Mais, comme il se retrouvait dans la salle de l'Est, cette halle où agonise le grand art, le dépotoir où l'on empile les vastes compositions historiques et religieuses, d'un froid sombre, il eut une secousse, il demeura immobile, les yeux en l'air. Cependant, il était passé deux fois déjà. Là-haut, c'était bien sa toile, si haut, si haut, qu'il hésitait à la reconnaître, toute petite, posée en hirondelle, sur le coin d'un cadre, le cadre monumental d'un immense tableau de dix maîtres, représentant le Déluge, le grouillement d'un peuple jaune, culbuté dans de l'eau lie-de-vin. À gauche, il y avait encore le pitoyable portrait en pied d'un général couleur de cendre; à droite, une nymphe colosse, dans un paysage lunaire, le cadavre exsangue d'une assassinée, qui se gâtait sur l'herbe; et alentour, partout, des choses rosâtres, violâtres, des images tristes, jusqu'à une scène comique de moines se grisant, jusqu'à une ouverture de la Chambre, avec toute une page écrite sur un cartouche doré, où les têtes des députés connus étaient reproduites au trait, accompagnées des noms.
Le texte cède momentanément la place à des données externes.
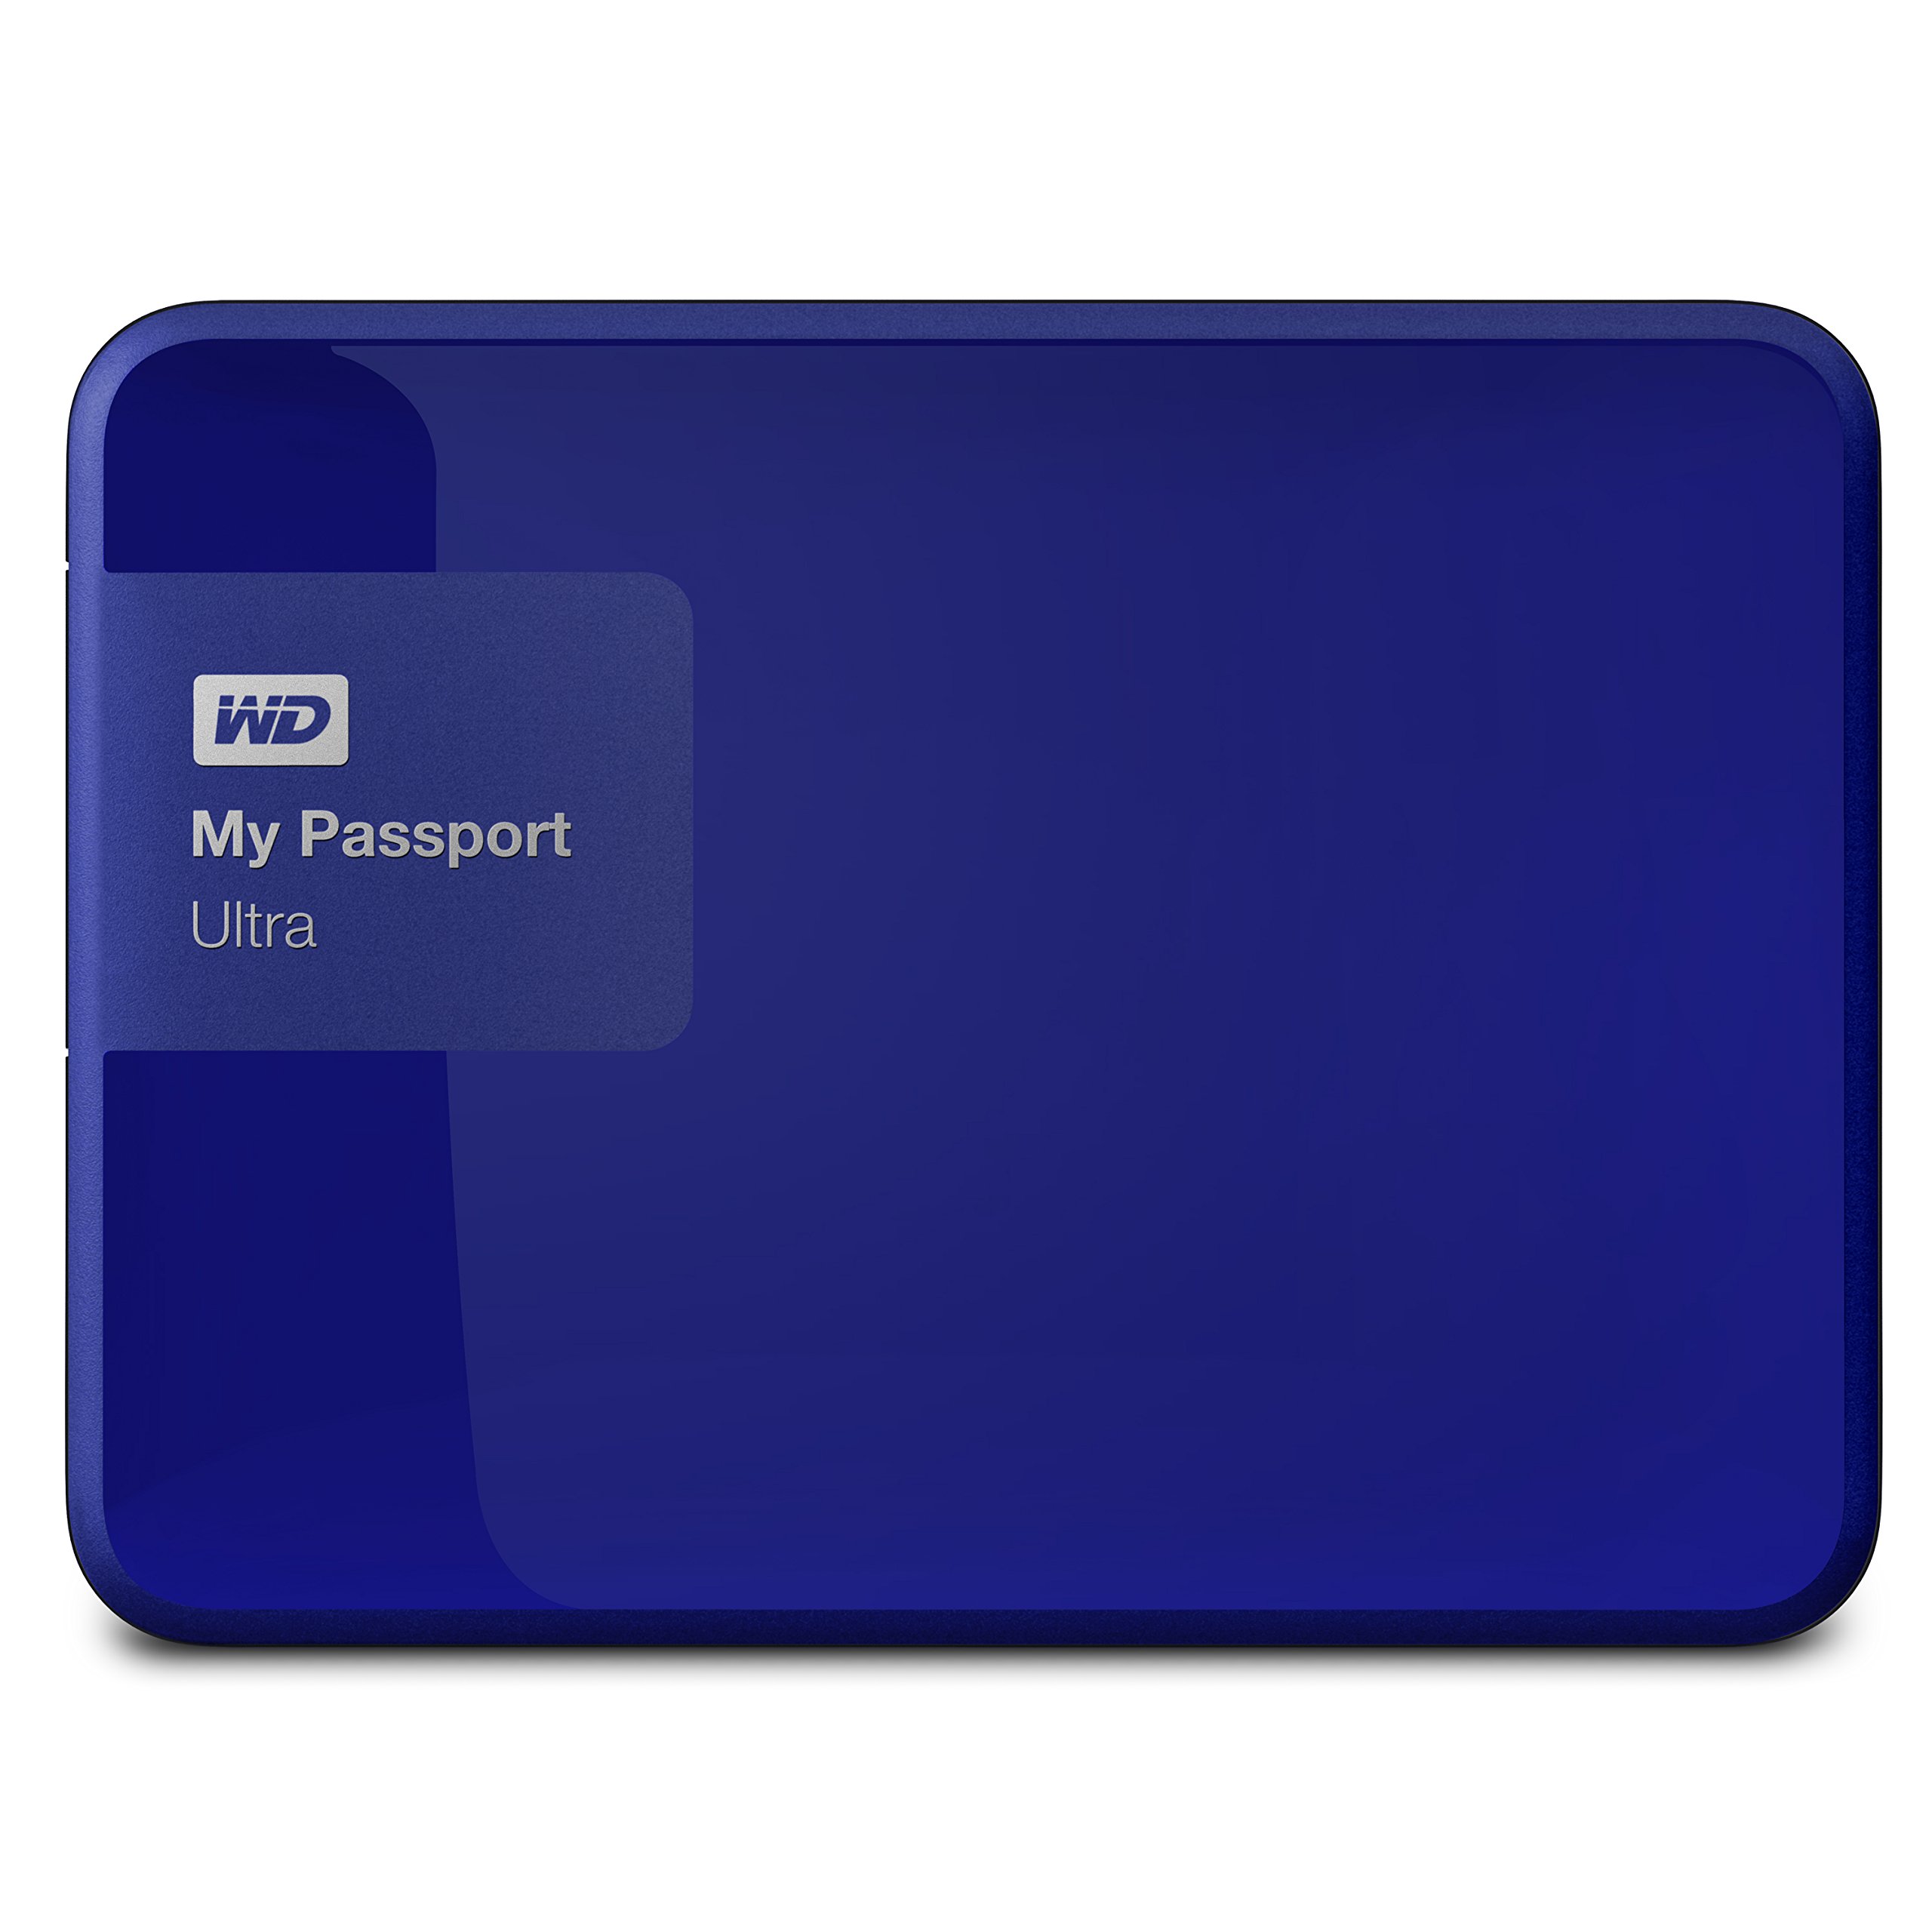 WD 1TB My Passport Ultra USB 3.0 Secure Portable External Hard Drive Blue WDBGPU0010BBL-NESN Old Model並行輸入品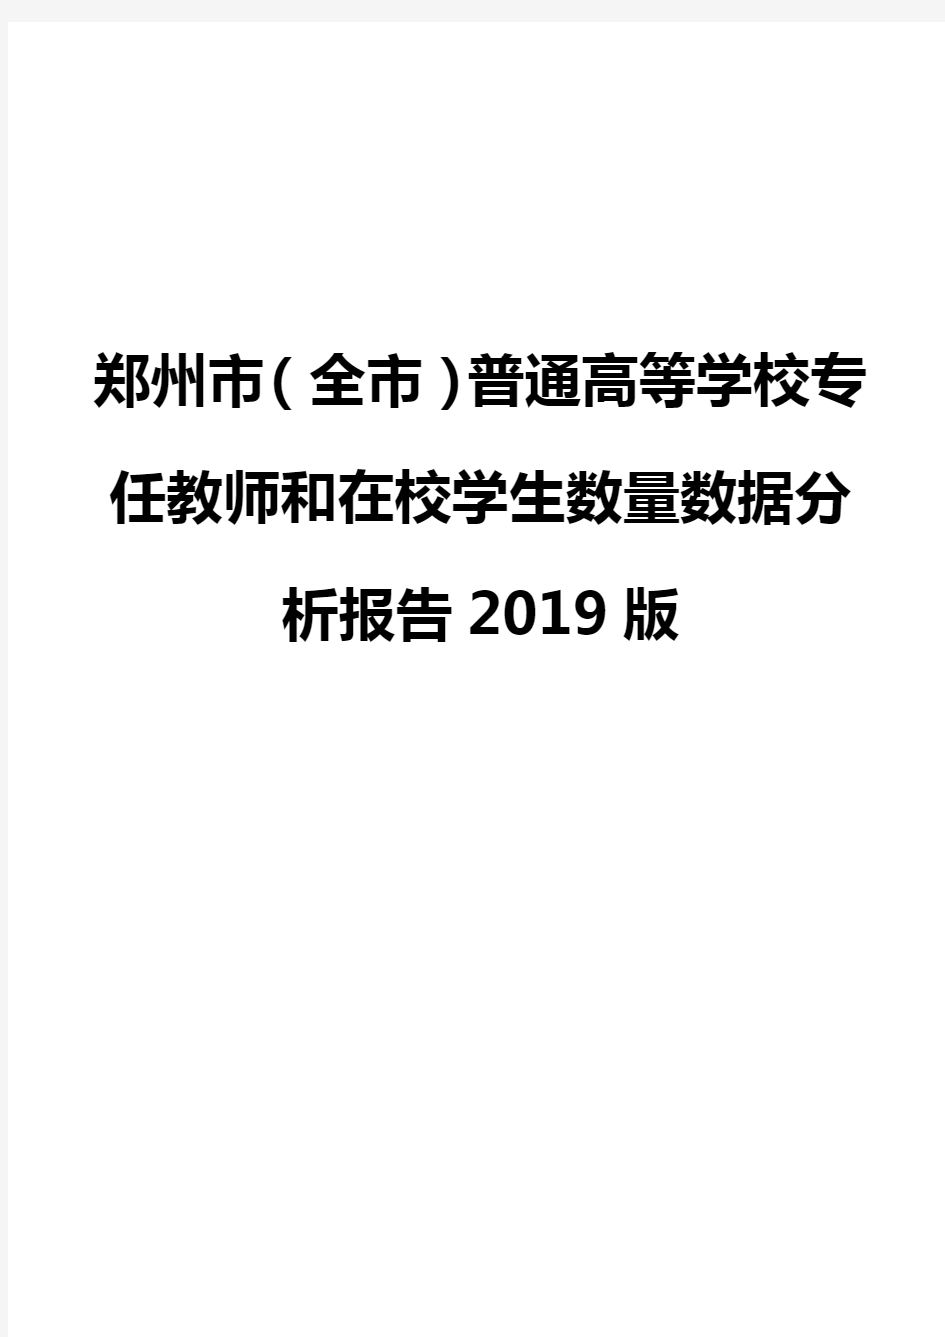 郑州市(全市)普通高等学校专任教师和在校学生数量数据分析报告2019版

Et, là-haut, là-haut, au milieu de ces voisinages blafards, la petite toile, trop rude, éclatait férocement, dans une grimace douloureuse de monstre.

Ah! l'Enfant mort, le misérable petit cadavre, qui n'était plus, à cette distance, qu'une confusion de chairs, la carcasse échouée de quelque bête informe! Était-ce un crâne, était-ce un ventre, cette tête phénoménale, enflée et blanchie? et ces pauvres mains tordues sur les linges, comme des pattes rétractées d'oiseau tué par le froid! et le lit lui-même, cette pâleur des draps, sous la pâleur des membres, tout ce blanc si triste, un évanouissement du ton, la fin dernière! Puis, on distinguait les yeux clairs et fixes, on reconnaissait une tête d'enfant, le cas de quelque maladie de la cervelle, d'une profonde et affreuse piffé. Claude s'approcha, se recula, pour mieux voir. Le jour était si mauvais, que des reflets dansaient dans la toile, de partout. Son petit Jacques, comme on l'avait placé! sans doute par dédain, ou par honte plutôt, afin de se débarrasser de sa laideur lugubre. Lui, pourtant, l'évoquait, le retrouvait, là-bas, à la campagne, frais et rose, quand il se roulait dans l'herbe, puis rue de Douai, peu à peu pâli et stupide, puis rue Tourlaque, ne pouvant plus porter son front, mourant une nuit tout seul, pendant que sa mère dormait; et il la revoyait, elle aussi, la mère, la triste femme, restée à la maison, pour y pleurer sans doute, ainsi qu'elle pleurait maintenant les journées entières. N'importe, elle avait bien fait de ne pas venir: c'était trop triste, leur petit Jacques, déjà froid dans son lit, jeté à l'écart en paria, si brutalisé par la lumière, que le visage semblait rire, d'un rire abominable.